Problem to work on: Beginning with the line that contains "NCERT Solutions for", copy each subsequent line of the data below through the last one, including both ends but not the pictures.

BEGIN Material provided

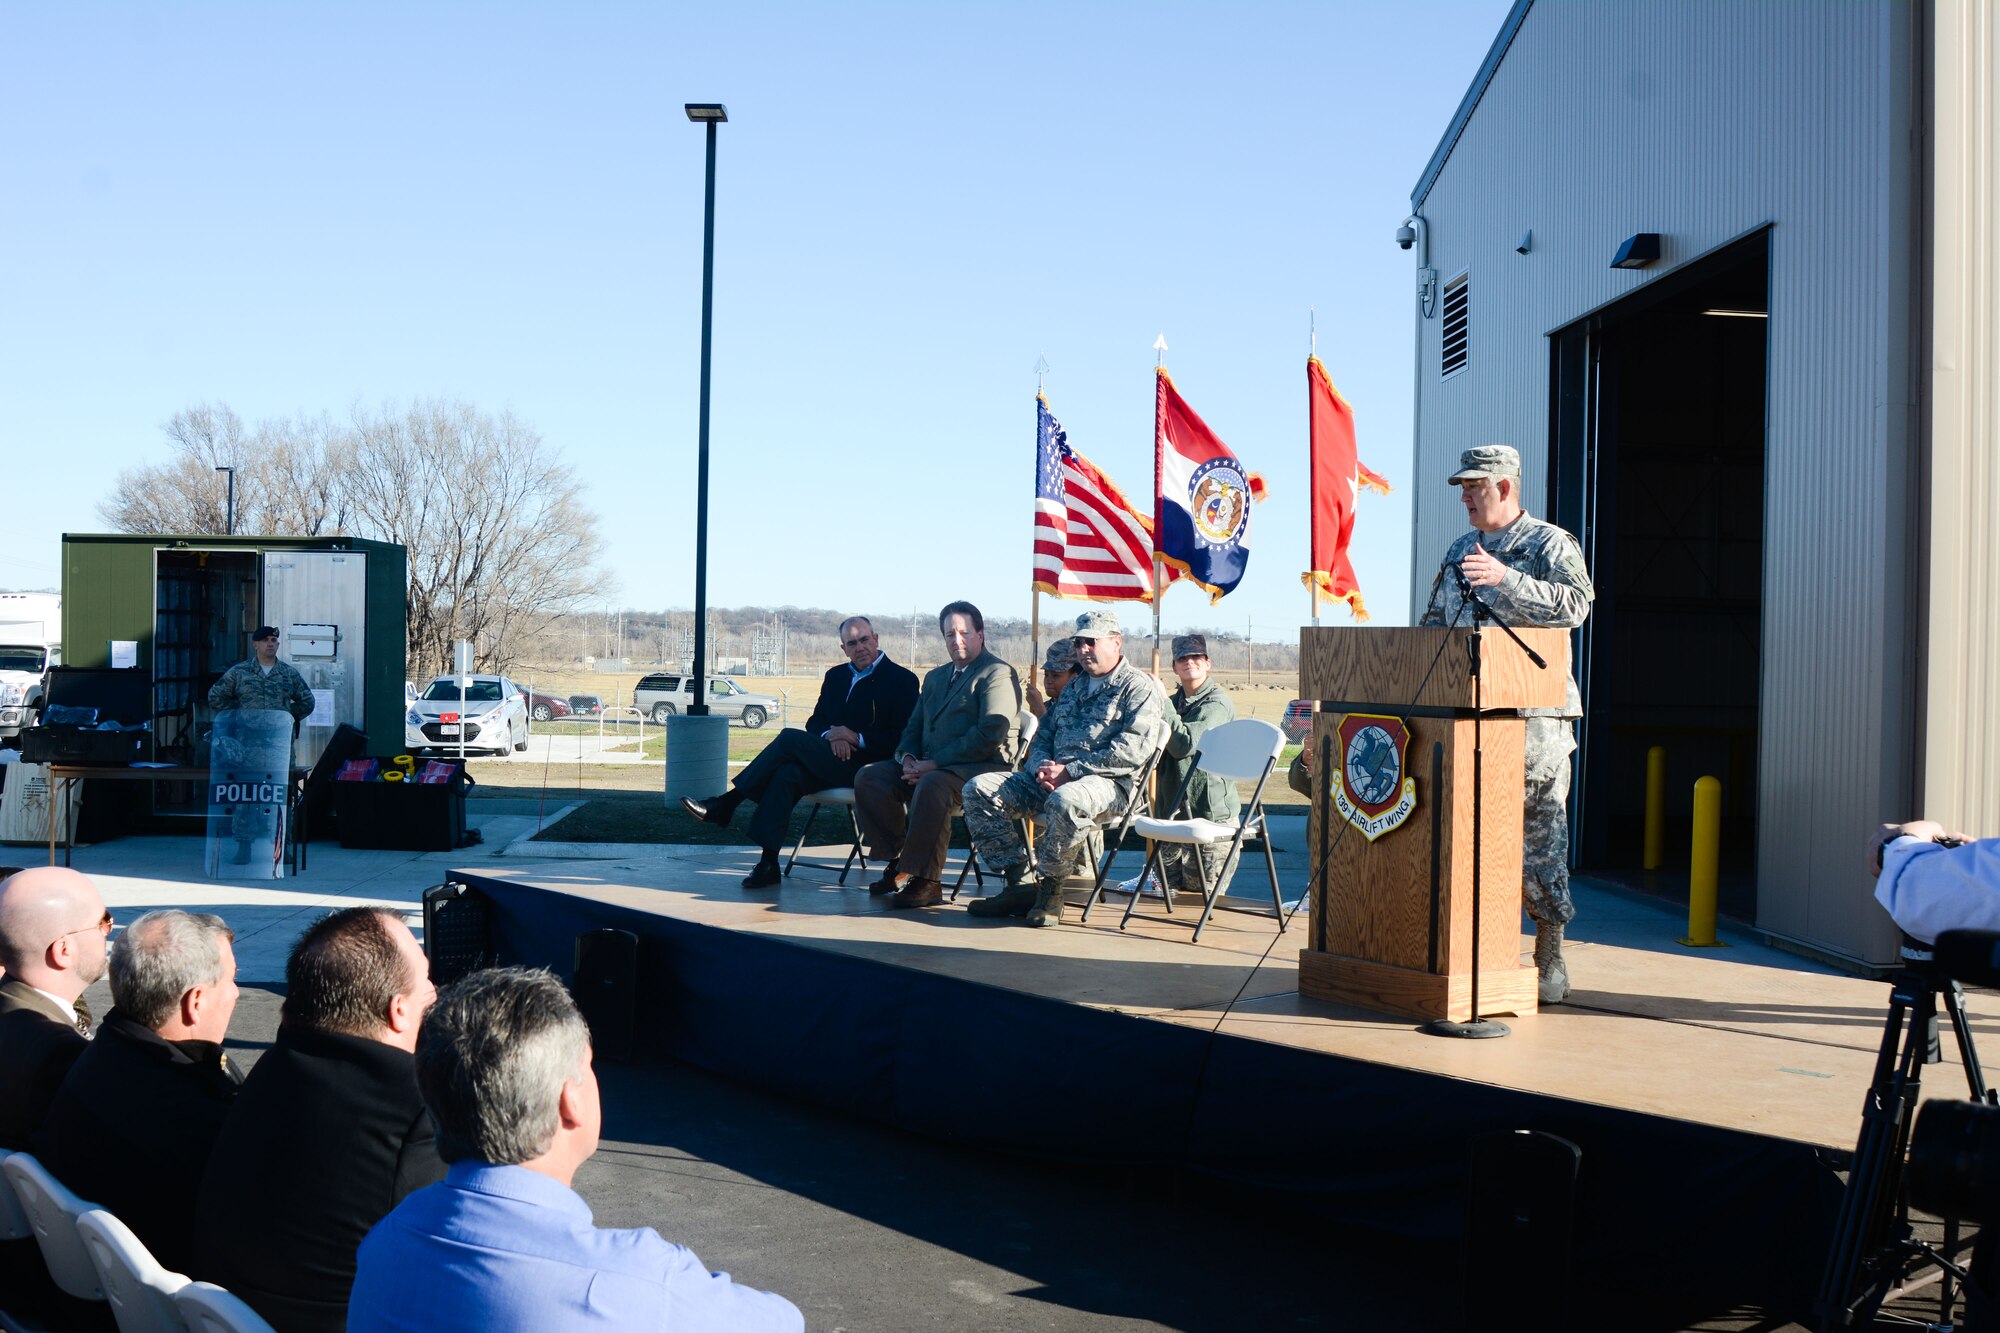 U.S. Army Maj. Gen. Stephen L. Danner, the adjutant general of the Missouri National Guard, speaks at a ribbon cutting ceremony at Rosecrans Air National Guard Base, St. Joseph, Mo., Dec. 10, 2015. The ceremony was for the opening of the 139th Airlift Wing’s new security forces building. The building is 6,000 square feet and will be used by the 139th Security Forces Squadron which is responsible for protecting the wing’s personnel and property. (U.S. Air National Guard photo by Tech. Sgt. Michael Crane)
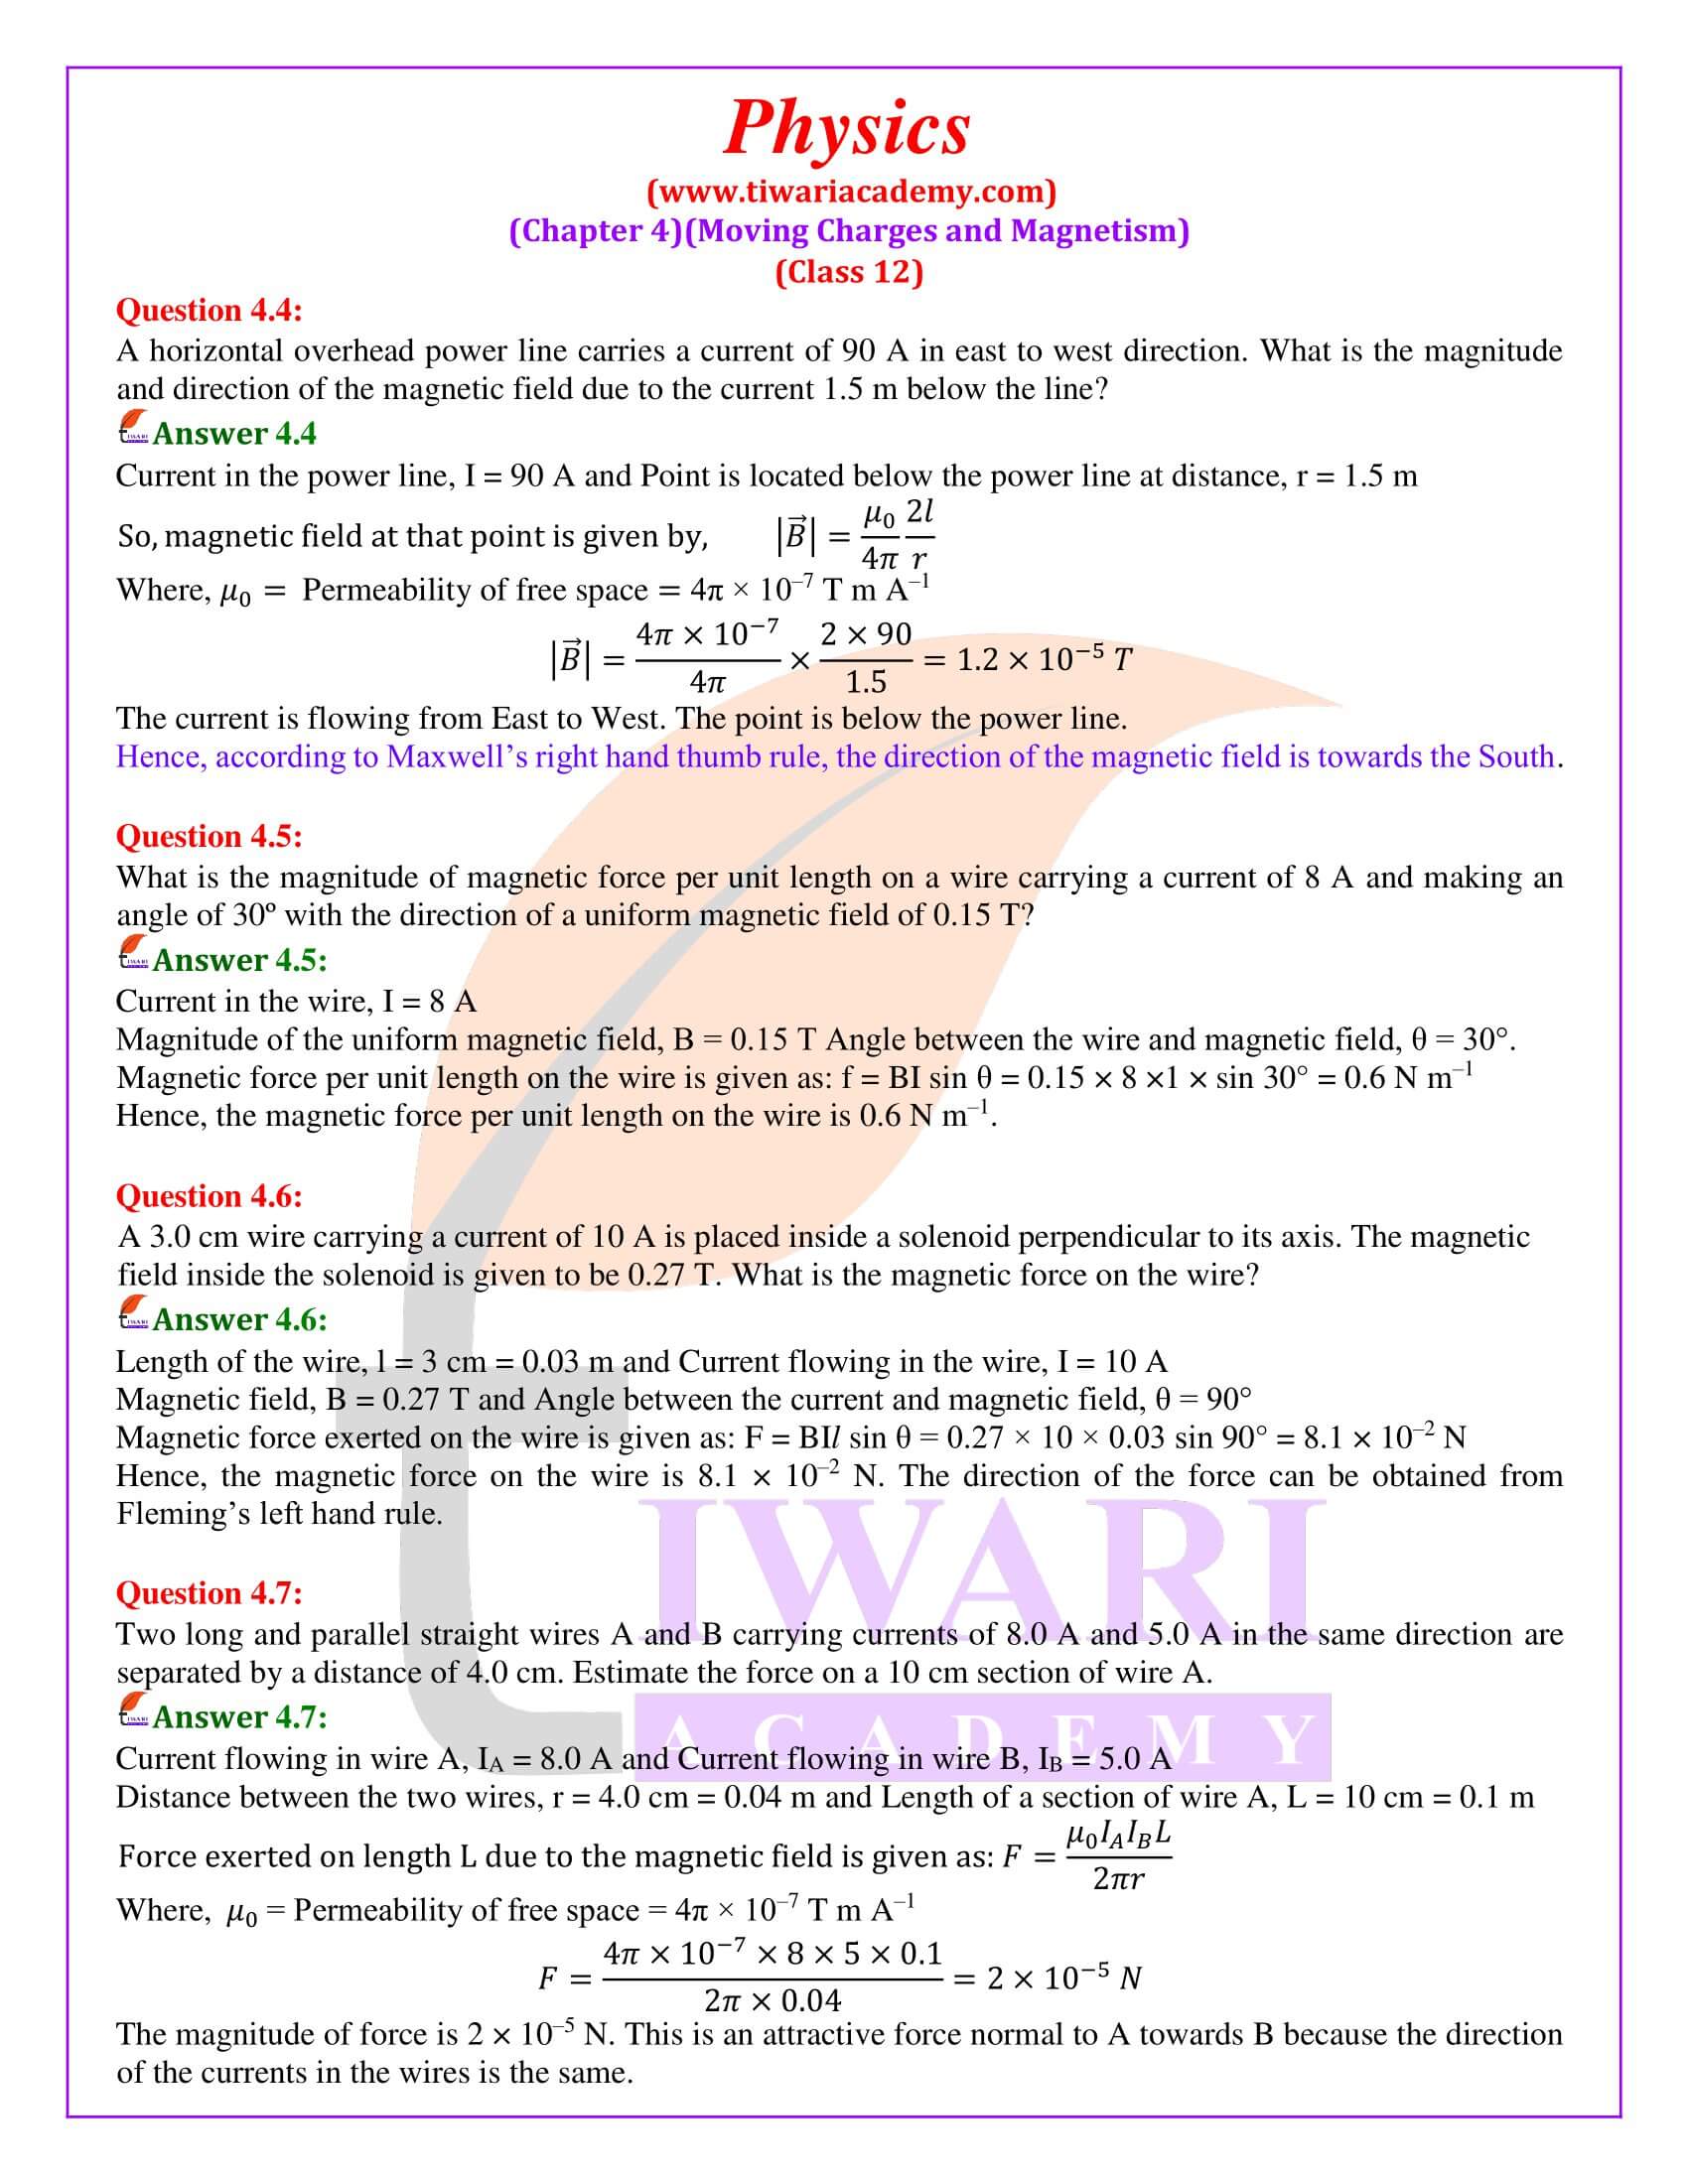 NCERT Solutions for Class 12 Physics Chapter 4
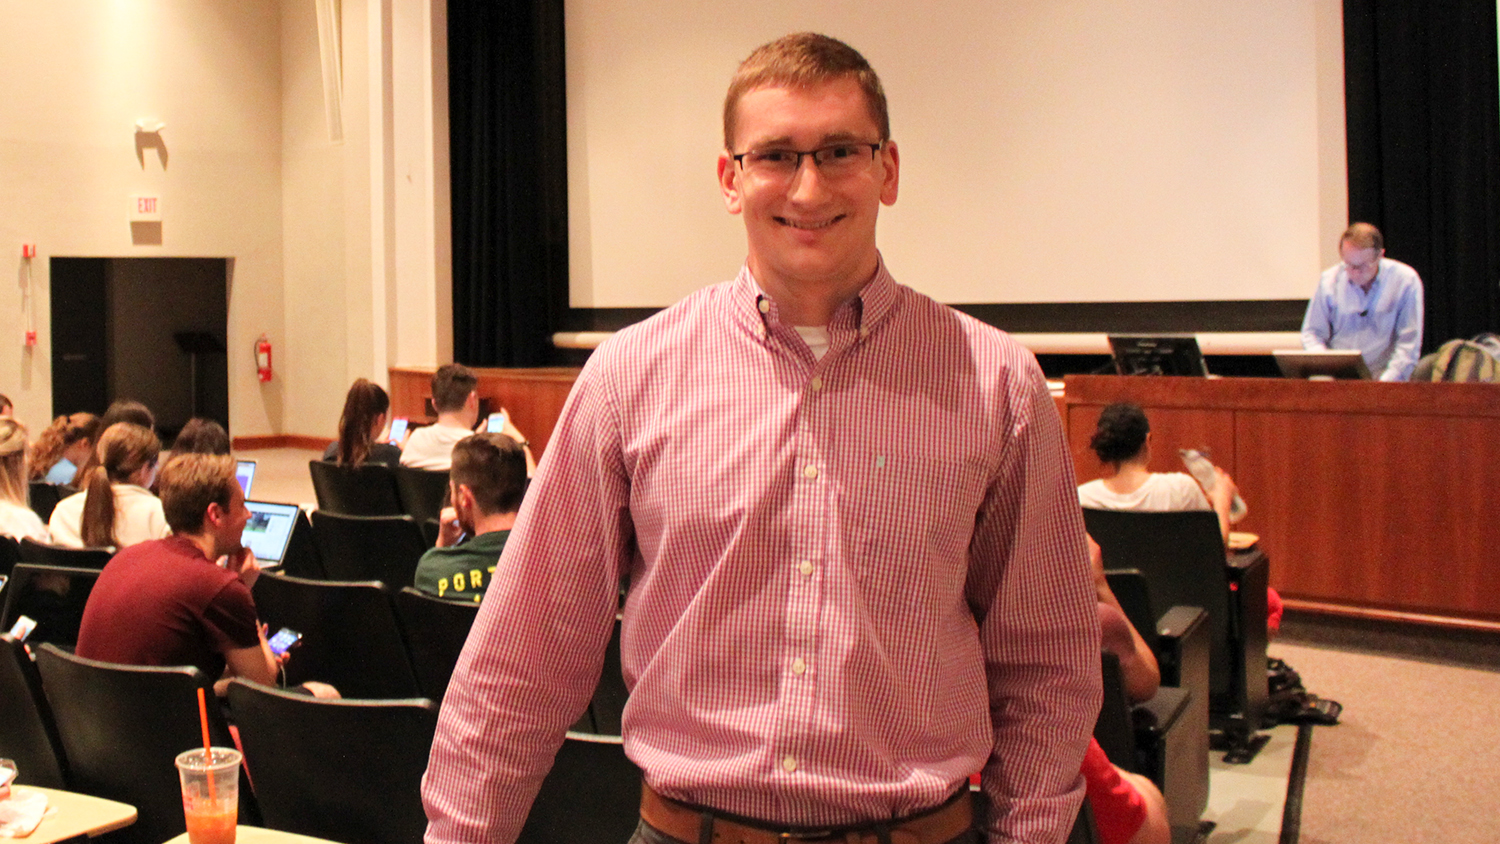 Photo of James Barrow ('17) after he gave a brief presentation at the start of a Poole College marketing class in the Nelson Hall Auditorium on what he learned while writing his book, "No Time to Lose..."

END Material provided

Reply:
 NCERT Solutions for Class 12 Physics Chapter 4
 Photo of James Barrow ('17) after he gave a brief presentation at the start of a Poole College marketing class in the Nelson Hall Auditorium on what he learned while writing his book, "No Time to Lose..."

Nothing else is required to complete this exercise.